Here, Plaintiff does not allege a policy or custom that was the moving force behind the alleged constitutional violation. Accordingly, the Court will dismiss the claim against CCC, WCRJ, and Defendants Harmon and Jones in their official capacity for failure to state a claim upon which relief may be granted.
C. Individual Liability Claims
1. Jailer Harman
To the extent Plaintiff seeks to hold Defendant Harman liable based on his supervisory authority as jailer, the doctrine of respondeat superior, or the right to control employees, does not apply in § 1983 actions to impute liability onto supervisors. Monell, 436 U.S. at 691; Taylor v. Mich. Dep't of Corr., 69 F.3d 76, 80-81 (6th Cir. 1995); Bellamy v. Bradley, 729 F.2d 416, 421 (6th Cir. 1984). “Because § 1983 liability cannot be imposed under a theory of respondeat superior, proof of personal involvement is required for a supervisor to incur personal liability.” Miller v. Calhoun Cnty., 408 F.3d 803, 817 n.3 (6th Cir. 2005). “At a minimum, a § 1983 plaintiff must show that a supervisory official at least implicitly authorized, approved or knowingly acquiesced in the unconstitutional conduct of the offending subordinate.” Bellamy, 729 F.2d at 421. The acts of one's subordinates are not enough, nor can supervisory liability be based upon the mere failure to act. Grinter v. Knight, 532 F.3d 567, 576 (6th Cir. 2008); Greene v. Barber, 310 F.3d 889, 899 (6th Cir. 2002); Summers v. Leis, 368 F.3d 881, 888 (6th Cir. 2004); Owens v. Williams, No. 5:23-CV-P127-JHM, 2024 WL 102995, at *3 (W.D. Ky. Jan. 9, 2024).

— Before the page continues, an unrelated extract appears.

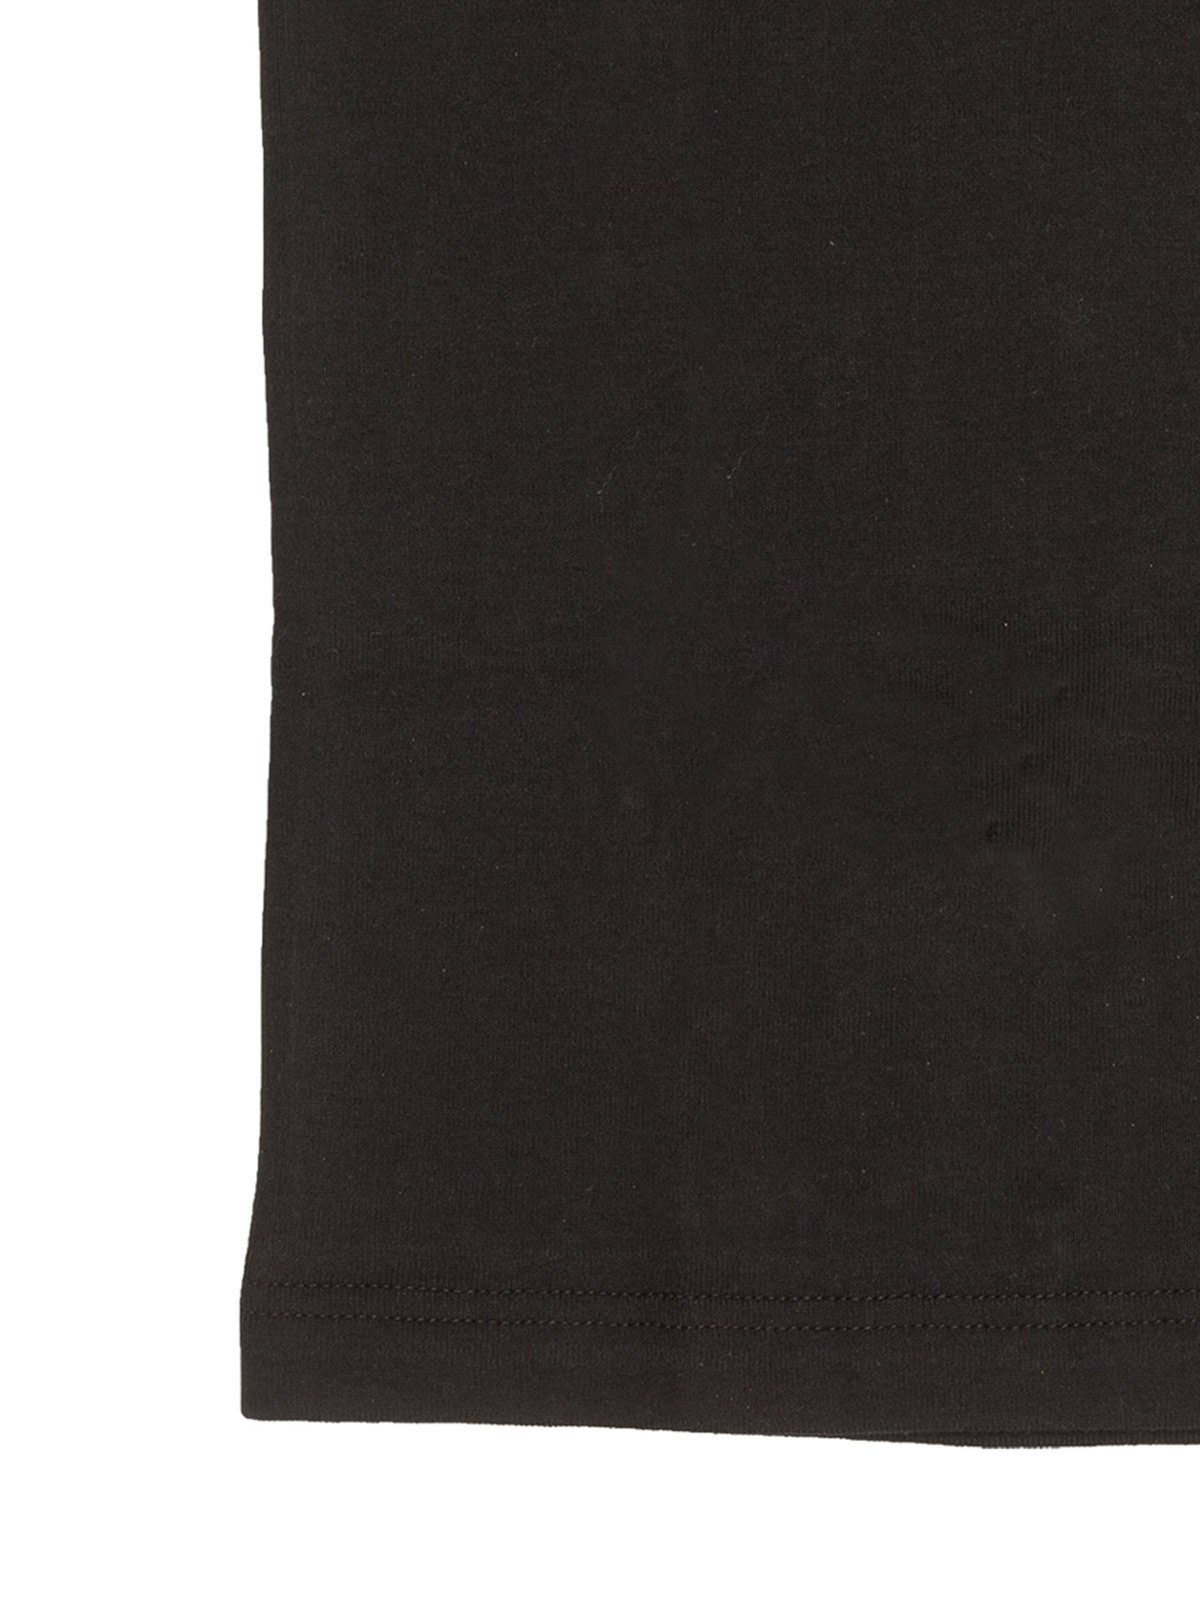 Sweety for Kids Unterhemd Achselhemd Knaben Markenqualität schwarz (Stück, 1-St) Feinripp hohe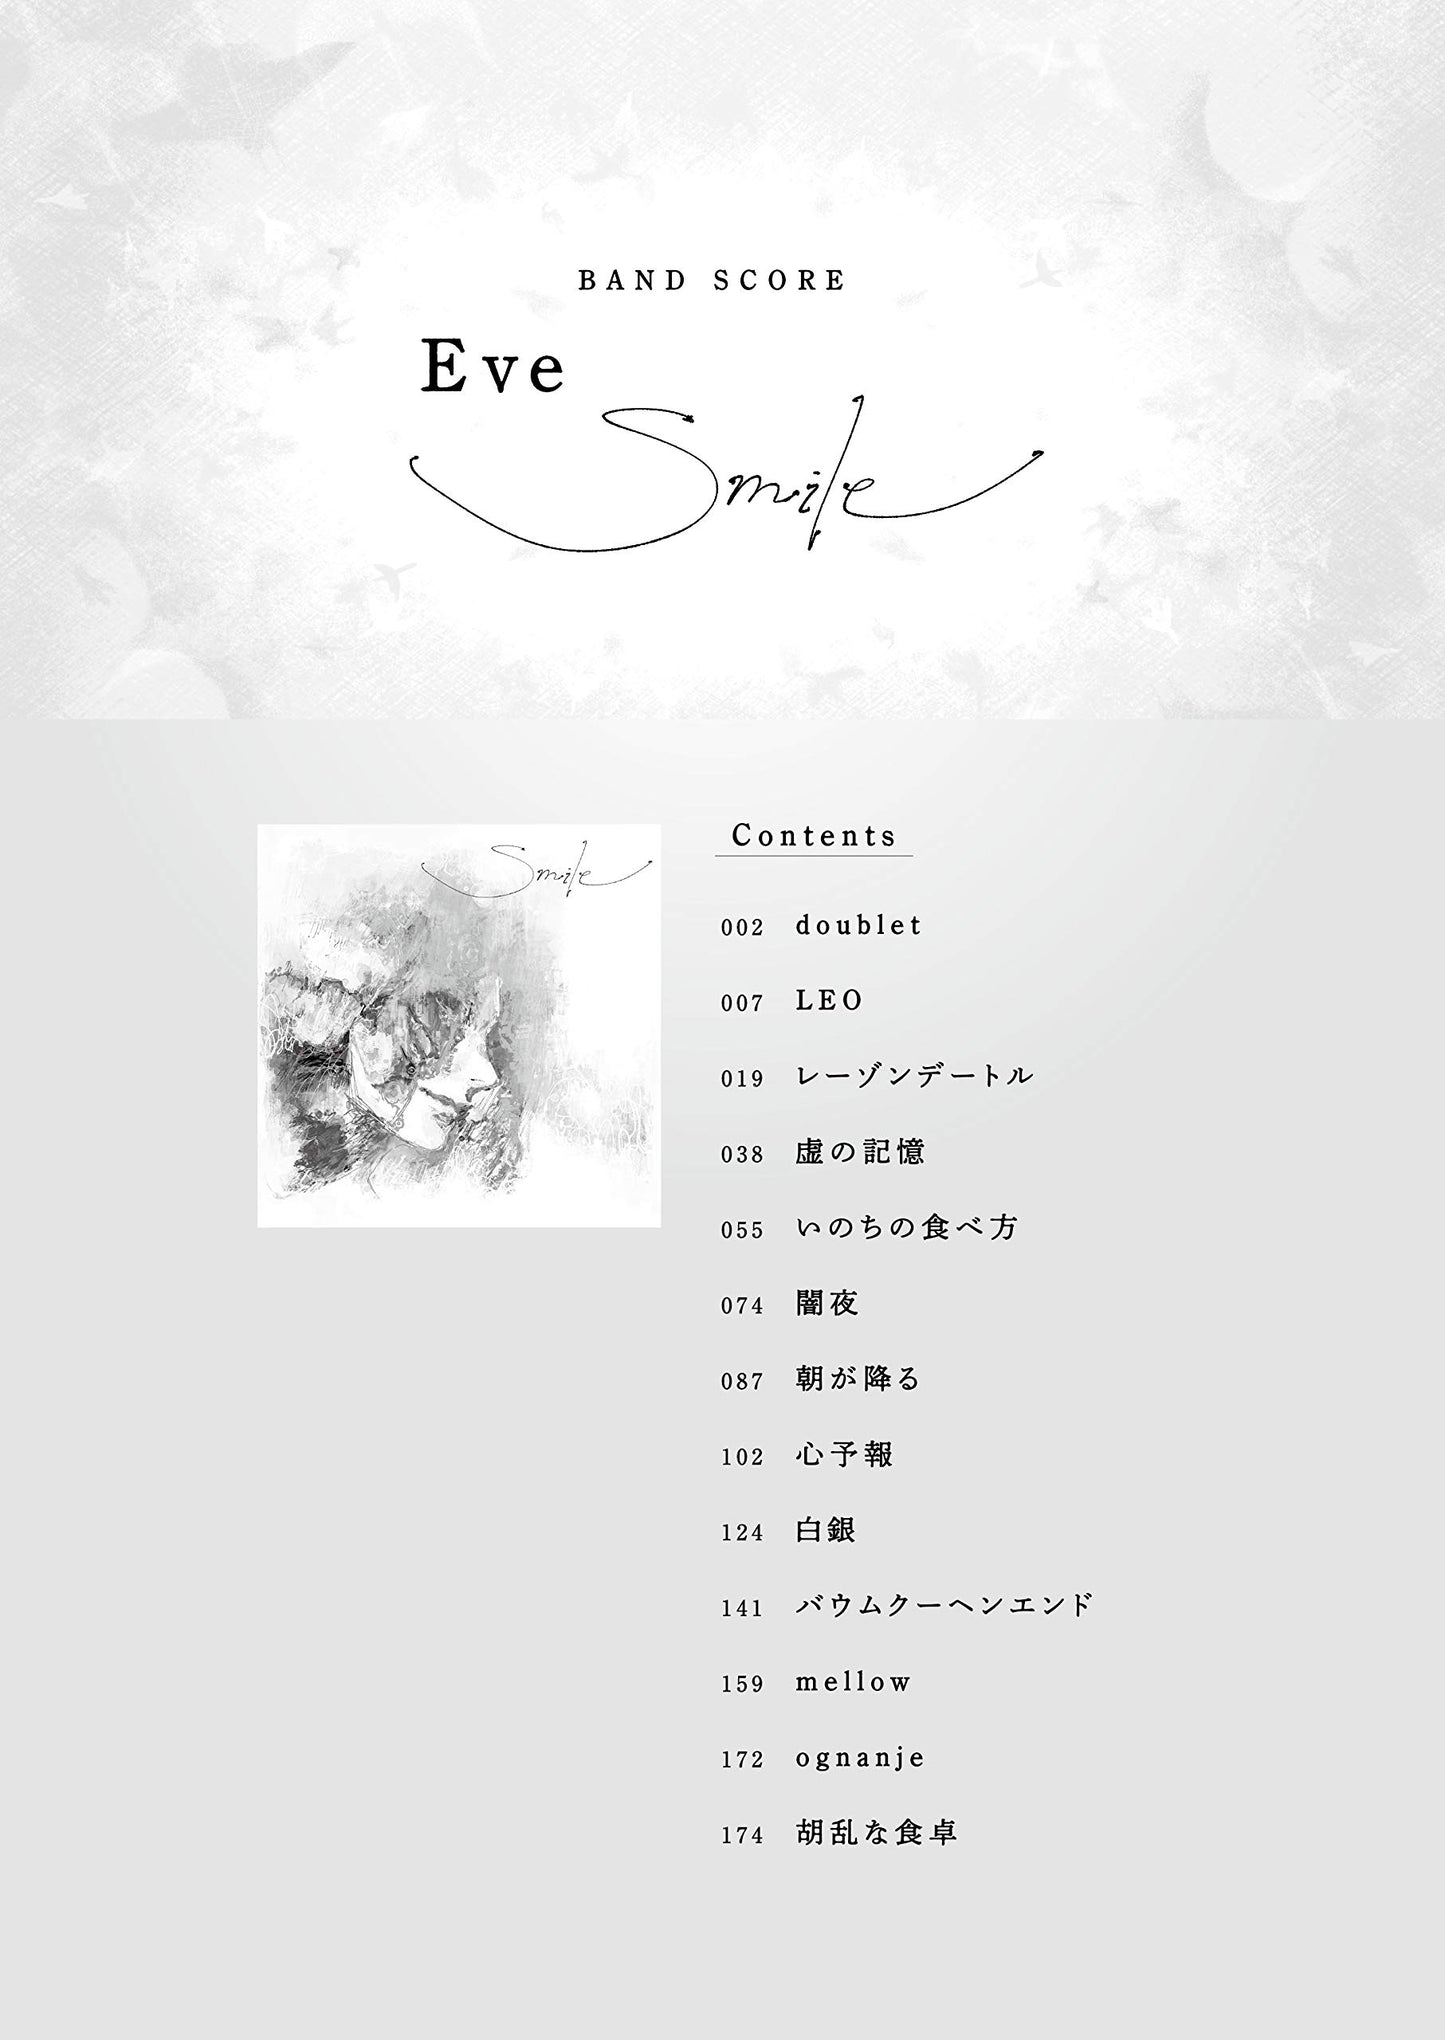 Eve "Smile" Band Score TAB Sheet Music Book

Plaintiff makes no allegations of personal involvement in the alleged events by Defendant. Therefore, the individual-capacity claim against Defendant Harman will be dismissed for failure to state a claim upon which relief may be granted.
2. Nurse Jones
The Court will allow Plaintiff's Fourteenth Amendment claim of deliberate indifference to his serious medical needs to continue against Defendant Nurse Jones in her individual capacity.
IV.
For the foregoing reasons, IT IS ORDERED as follows:
(1) Plaintiff's claims against the WCRJ, Jailer Harman in his individual and official capacity, and CCC are DISMISSED pursuant to 28 U.S.C. § 1915A(b)(1) for failure to state a claim upon which relief may be granted. Since no claims remain against them, the Clerk of Court is DIRECTED to terminate these Defendants as parties to the action.
(2) Plaintiff's official-capacity claim against Nurse Nora Jones is also DISMISSED pursuant to 28 U.S.C. § 1915A(b)(1) for failure to state a claim upon which relief may be granted.
(3) The Court will enter a separate Service and Scheduling Order to govern the development of the claim it has allowed to proceed.